### ASSIGNED TASK:
Everything in the listing below should be written out again exactly, except the pictures.

### DATA EXTRACT:
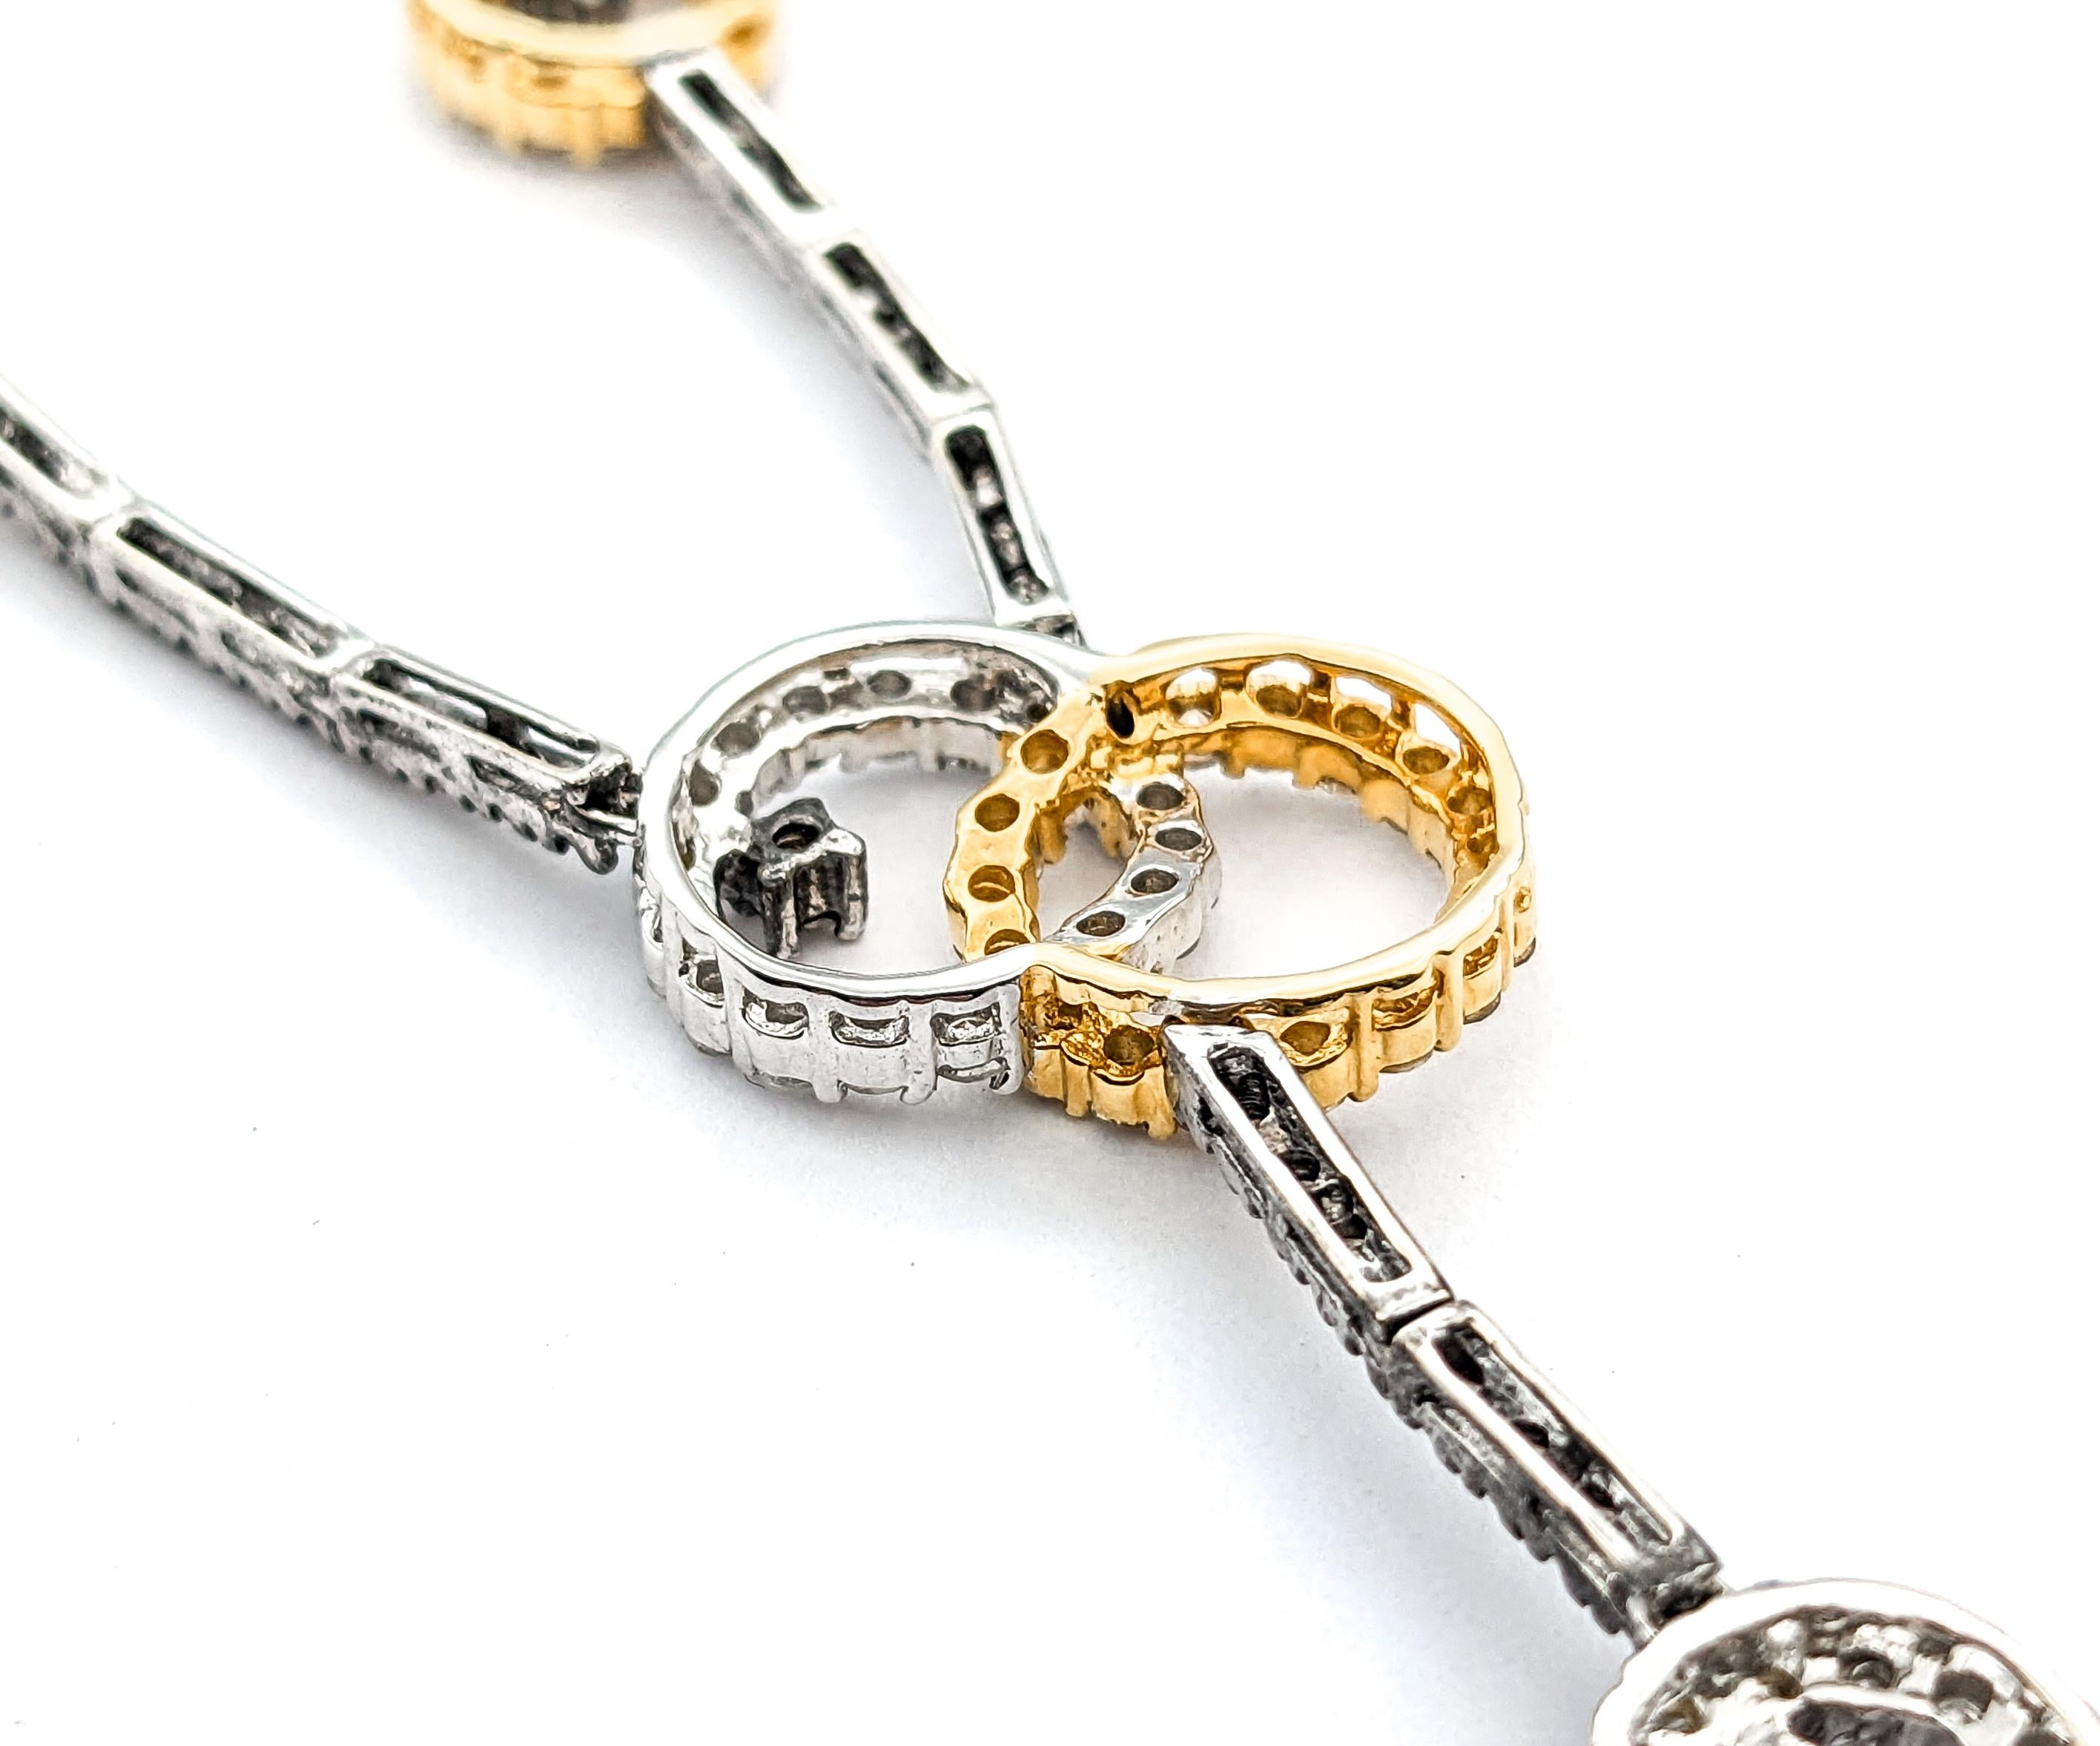 Sonia B. 2,75ctw Diamant-Halskette in 18kt Tow-Tone Gold

Diese exquisite Diamant-Halskette Sonia B ist aus 18-karätigem Gold gefertigt. Diese Halskette ist mit beeindruckenden 2,75 ct Diamanten besetzt, die von einem atemberaubenden 2,5-Zoll-Fall
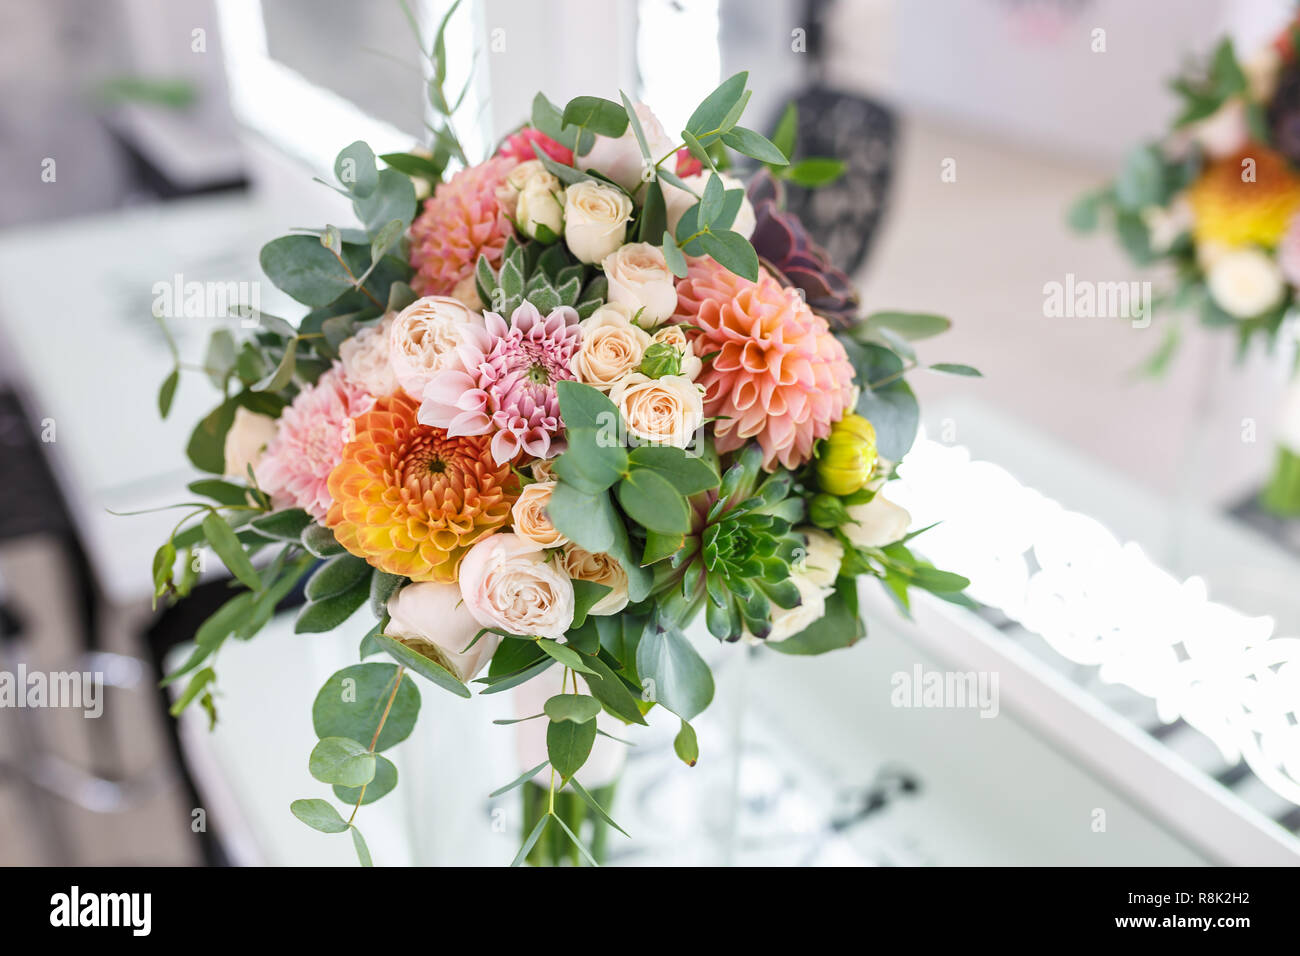 Helle wedding bouquet von Sommer Dahlien und Rosen Stockfotografie - Alamy

### RESPONSE TO THE TASK:
 Sonia B. 2,75ctw Diamant-Halskette in 18kt Tow-Tone Gold

Diese exquisite Diamant-Halskette Sonia B ist aus 18-karätigem Gold gefertigt. Diese Halskette ist mit beeindruckenden 2,75 ct Diamanten besetzt, die von einem atemberaubenden 2,5-Zoll-Fall
 Helle wedding bouquet von Sommer Dahlien und Rosen Stockfotografie - Alamy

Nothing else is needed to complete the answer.